MJ - Eu estou desejosa de começar a cantar as coisas novas. Já andamos a rodar o outro material há tanto tempo. Vamos ver o que acontece. E não é só o que acontece connosco, é o que acontece com a indústria discográfica em geral. Está tudo bera, ruim, as pessoas não compram os discos, copiam. E isto é mesmo um problema muito grave, que eu não faço ideia como se pode dar a volta. Até agora não se têm visto grandes formas de dar a volta. Eh pá, vamos ver, vamos ver!

Ao vivo...

Mário Laginha (ML) – Bem, não vamos para o palco com uma data de tralhas...

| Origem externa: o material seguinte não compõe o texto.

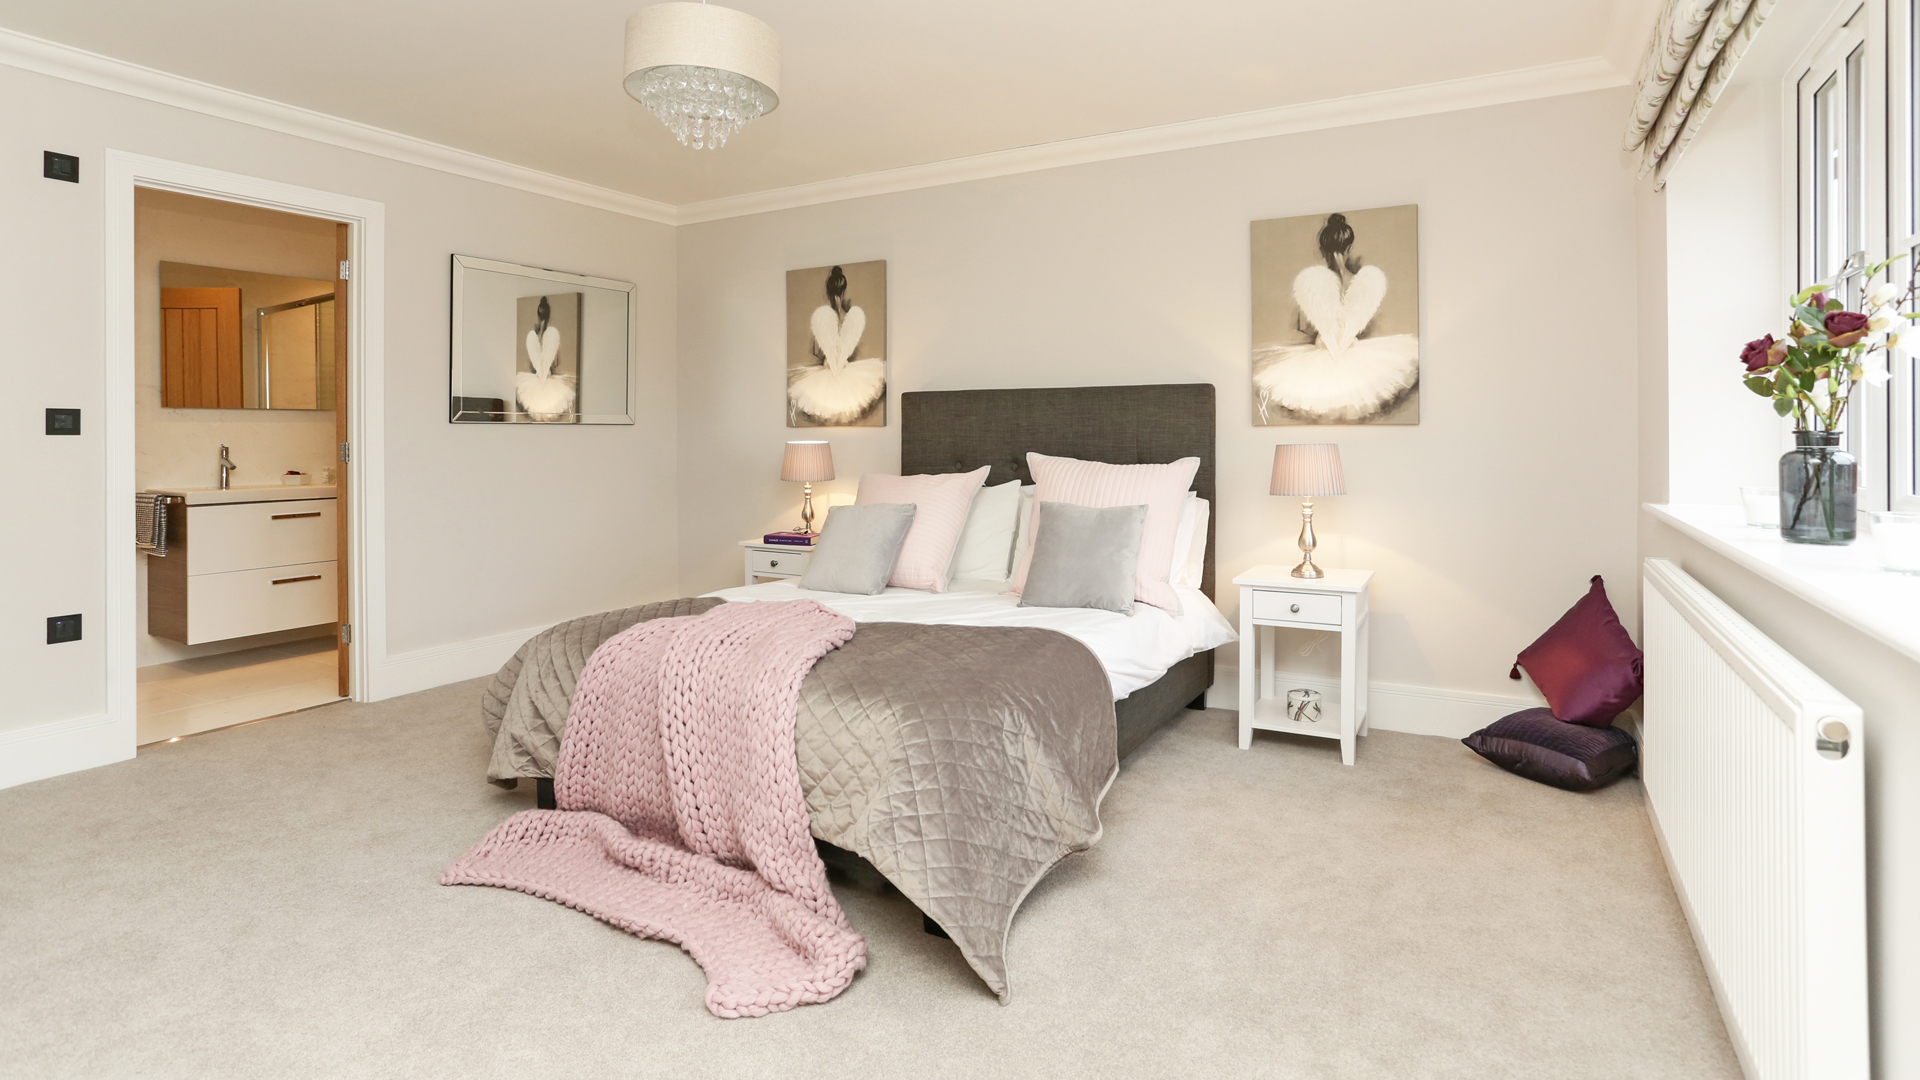 Bedroom at our weavers park development with ensuite.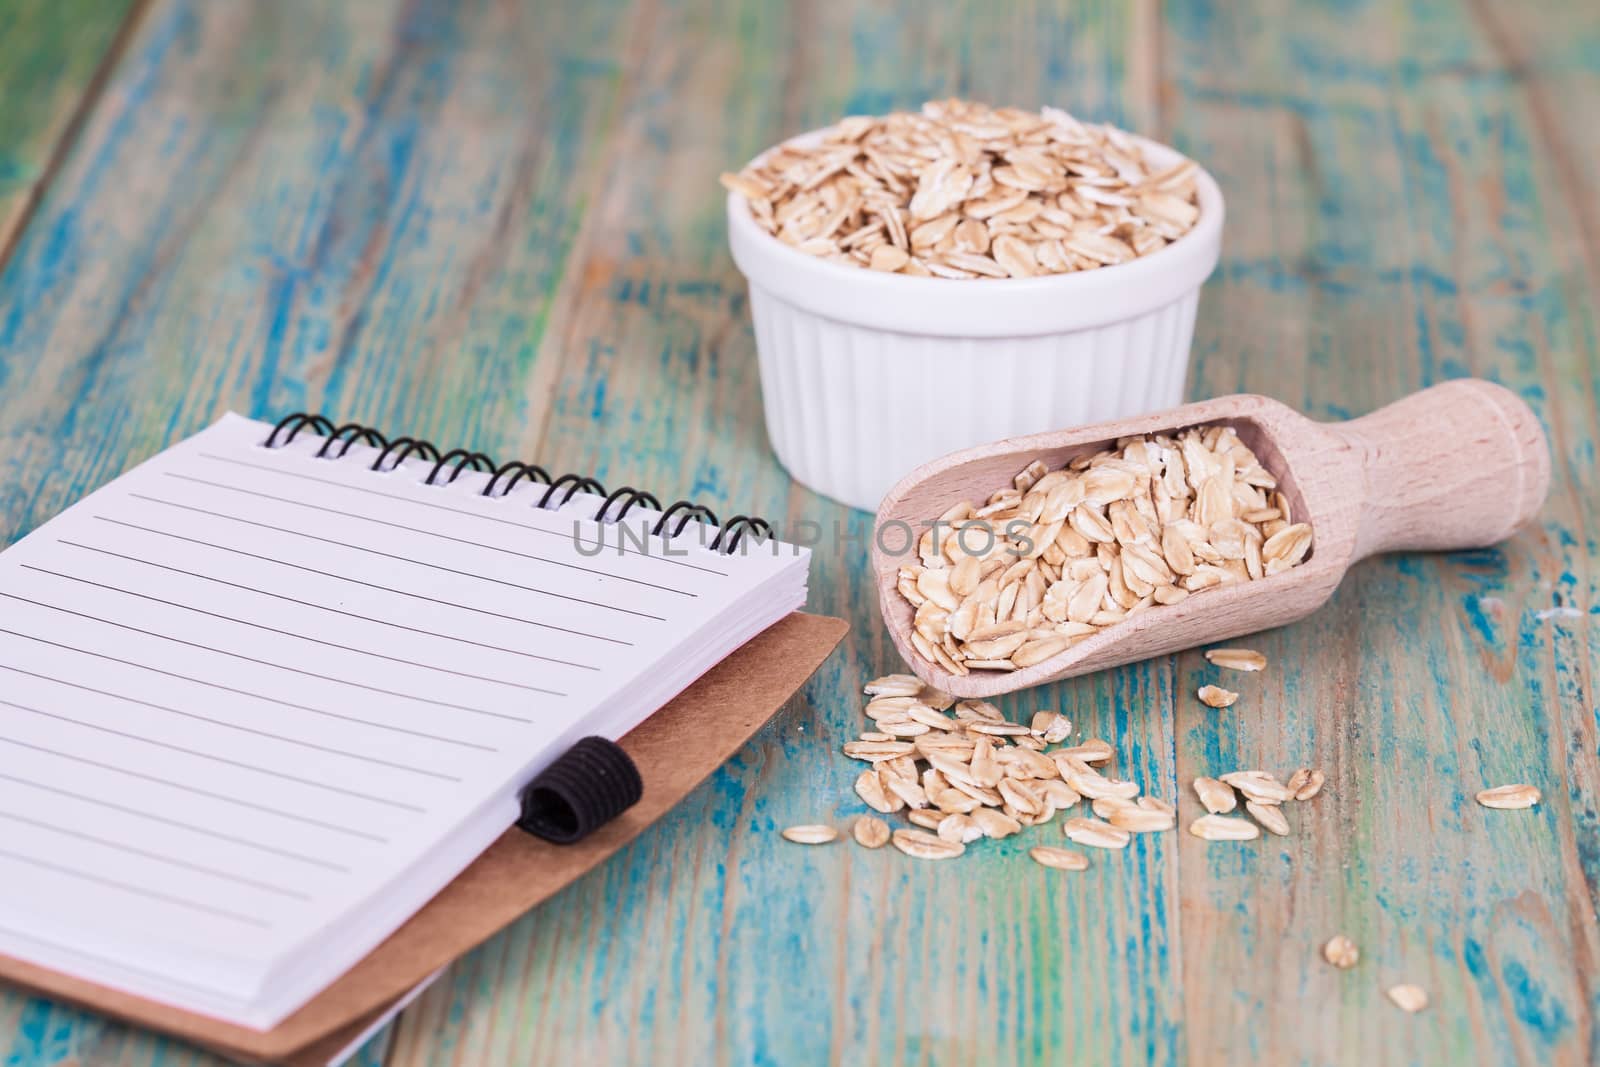 wood spoon with oats flakes pile and book note by amnarj2006

Maria João (MJ) – Não sei...

ML – Se calhar ainda se põem algumas...

MJ – Ainda não pensámos bem em como fazer coisas. É pouco prático andar com um projecto assim e levá-lo, por exemplo, para fora de Portugal. Hoje em dia tem que se viajar leve.

MJ – O Mário vai estar a tocar outros instrumentos. A disparar, como ele diz (risos). “Eu posso disparar, de onde eu estou posso disparar”. Fica em aberto o que é que ele quer dizer com “posso disparar” (risos). “Eu posso disparar, o Nelson também pode disparar”. Portanto, as coisas vão ser disparadas, não sei.

MJ – Gostava de experimentar fazer um concerto com os temas todos do disco. Deve ser um sufoco, não trazer a família, novos amigos sem trazer a família. Gostava de fazer isso, mas depois noutros países temos de misturar outras coisas. Já estou ansiosa. É um bocado complicado. Há grupos que fazem paragens, deixam de tocar durante um tempo, eu era incapaz. Estar um ano sem tocar, poupem-me, por favor! Um ano sem cantar, nem pensar!